This summer, my friend Kendall Smith asked me if I would ever consider photographing children. I met Kendall because we both have been involved in the Denver Post Underground Music Showcase, and Kendall has been very kind with his compliments of my music photography. I had not considered photographing children. (This is, assuming one does not consider the musicians I work with children.) But when he asked me, it didn’t seem like it would be much of a stretch. “Sure” I said.
On my way to his girlfriend Kelly’s farmhouse this week for the photo shoot of her three daughters, it dawned on me how different this task might be from photographing my typical musican clients.
First thing is first: I believe all art – all work, has intention and purpose as an inherent prerequisite to be any act worthwhile and meaningful. Second, cameras don’t lie just like guns don’t kill. It matters a hell of a lot where, why, and when both are pointed, and most of all, who is holding them.
As I drove down Santa Fe Drive, both of these notions came into clear focus.

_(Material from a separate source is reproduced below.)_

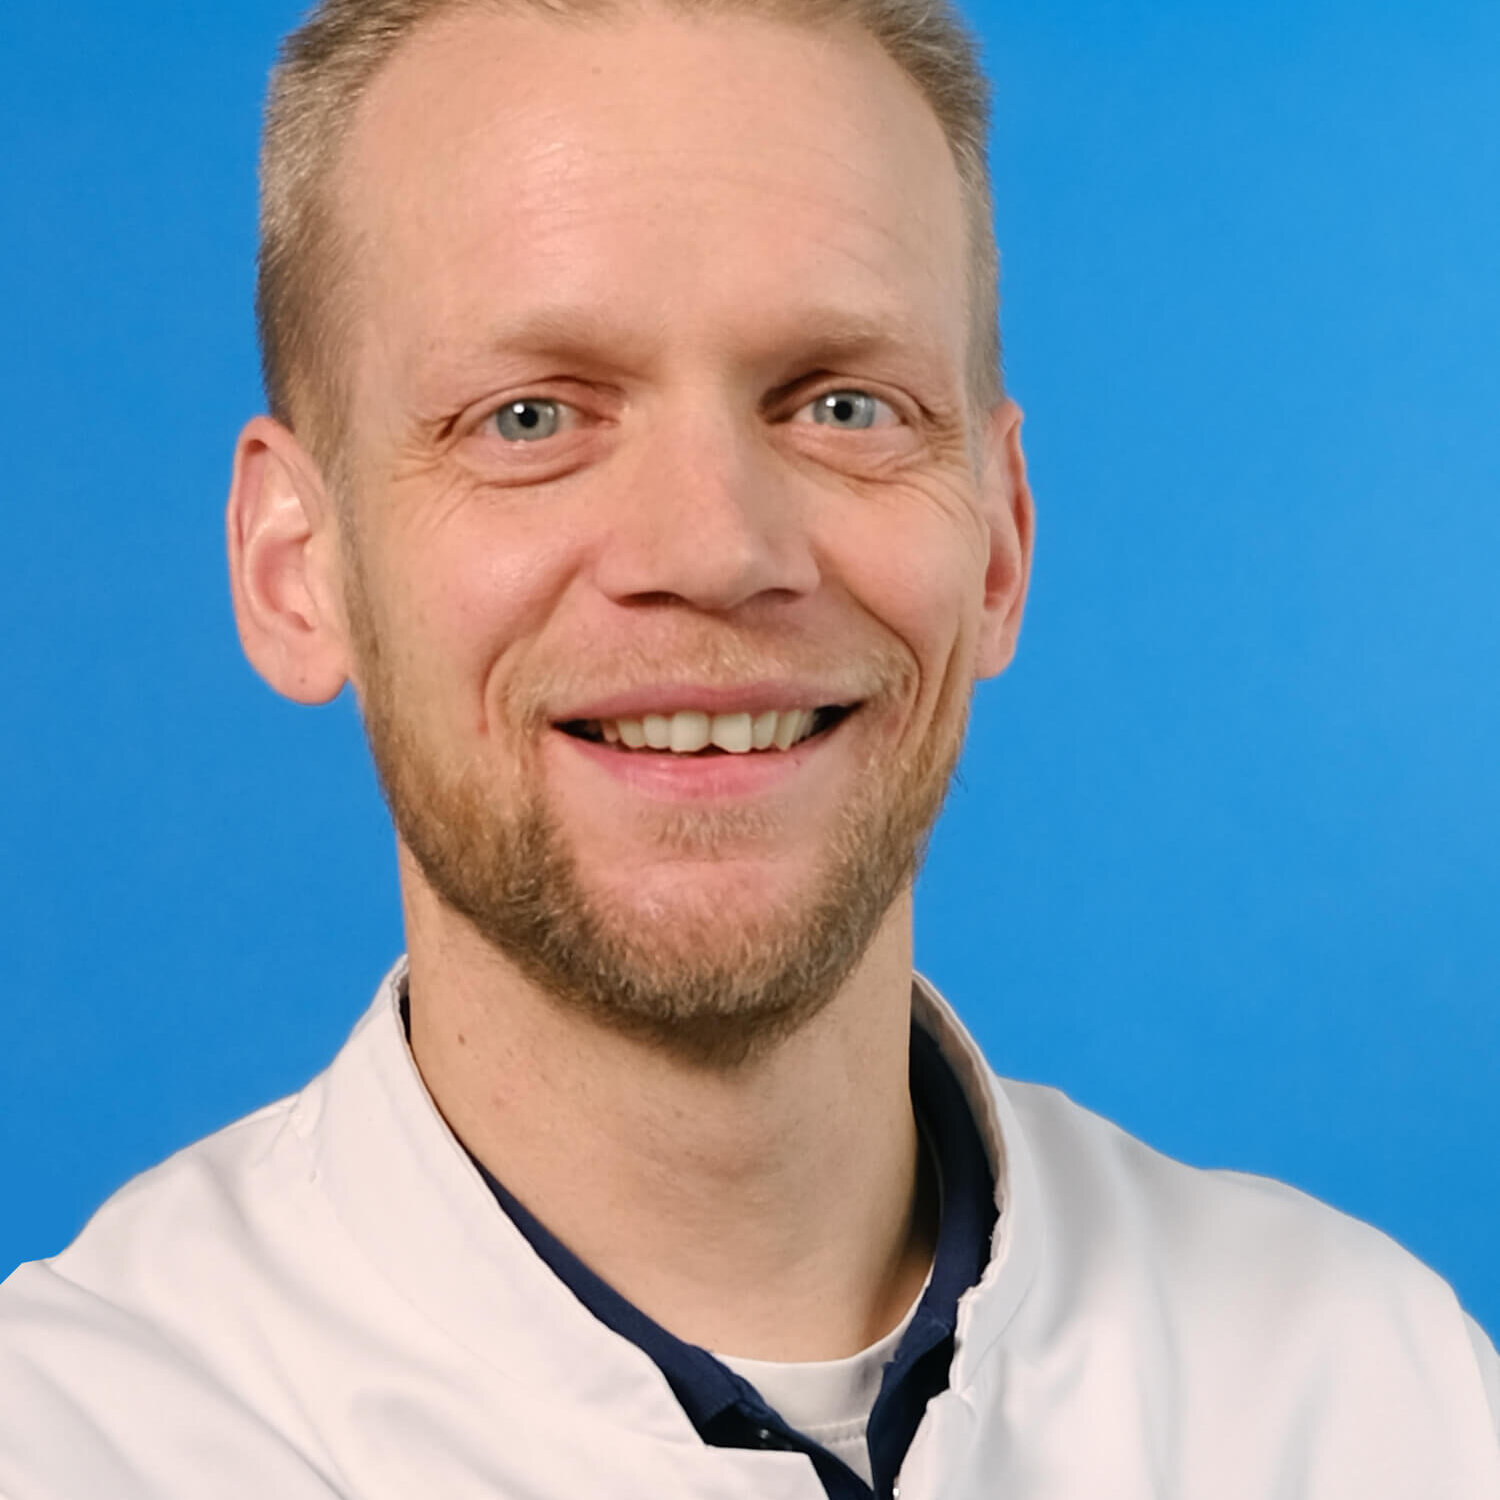 Dr. Jaap Mulder

While the execution may be identical when photographing musicians and children, the intention and purpose is not. Yes, I use the same camera, the same lenses, and many of the same lighting strategies (i.e. the execution). But why I am propositioned to photograph children is very different, and the difference is this: Photographing musicians of any age is done to create and/or perpetuate the personification and myth of the musician or of the band, in order to attract new ticket-purchasing, merchandise-buying, and music-downloading fans. The images are made to be mass-produced in any all mediums to promote this process, and I am paid by the band or their representatives to perform towards this goal.
In contrast, photographing children is done to visually exhibit the parent’s pride in – and affection for – their children. When photographing children, I am being asked to be a liaison between the parent’s vision of their family and it’s manifestation into a photographic image. (If the kids parents could make a photo that looked the same way they feel about their kids, they wouldn’t be asking me to do it.) Furthermore, the images are made for private use, single consumption, and are often printed by traditional means and viewed by only those who already know the child. This last distinction is important, I thought as I pulled past the gate up the dirt lane to Kelly’s house. I am not trying to manufacture a personality in these images, like I often do with musicians, I am instead trying to capture and elaborate on the personality already there.
Lastly I thought about the often relied on maxim that ‘cameras don’t lie’. I had never met these kids. What if they were hellions? (What if the musicians are assholes?) What if these kids were rude and mean and I didn’t like them? (What if I think the band sucks?) While a camera doesn’t lie, as a portrait photographer who is being commissioned by the parent, or being paid by the record label, I have to be prepared to.
Does this mean as a photographer, I trade a few bucks for my moral standing? Hardly. And anybody who has been even one time around their own block knows it is never so black and white. But more to the point, if I want to keep my conscious even cleaner than my CMOS chip, I have to learn to find ways to genuinely admire and respect the people I photograph. I have to find a way to be truly interested in them, if not in the same way their parents or their management is, then at least in some way for my own sake, if I am to be a genuine photographer whose images I can believe in, and whose viewers can sense honest reverence in their creation.
Ultimately, this is a character trait that is in some people and other’s not, regardless of their pursuits as a photographer or any other occupation. I am lucky that I can find enjoyment in meeting most people and find merit and an education in a variety of people, from taxidermists to summer camp councilors. I am far from knowing it all when it comes to photography, and I think any success I have made with portraiture comes not from any technique but in finding an honest and palpable reverence for, and connection with, the people I take pictures of.
Footnote: It was an easy shoot. The kids were great and beautiful. It was easy to like them and they were a blast to work with, and Kelly and Kendall had the utmost trust in me to make images as I saw fit.
Damn! That’s some good work. Can’t wait to see more.
Bias- indeed with the subject matter at hand. The blog post is thought provoking, as I hadn’t vastly considered your potential reservation in photographing children. I appreciate the opportunity to capture my children in a way where they chose what they wore, how their hair was done, how they would smile- or not. It is obvious you are good with people, and children are just people. I am grateful to you, and Kendall for these and the memory of this farm (mostly, I am glad they were not the assholes they can sometimes be) Thank you from the bottom of my heart. I too can’t wait to see more!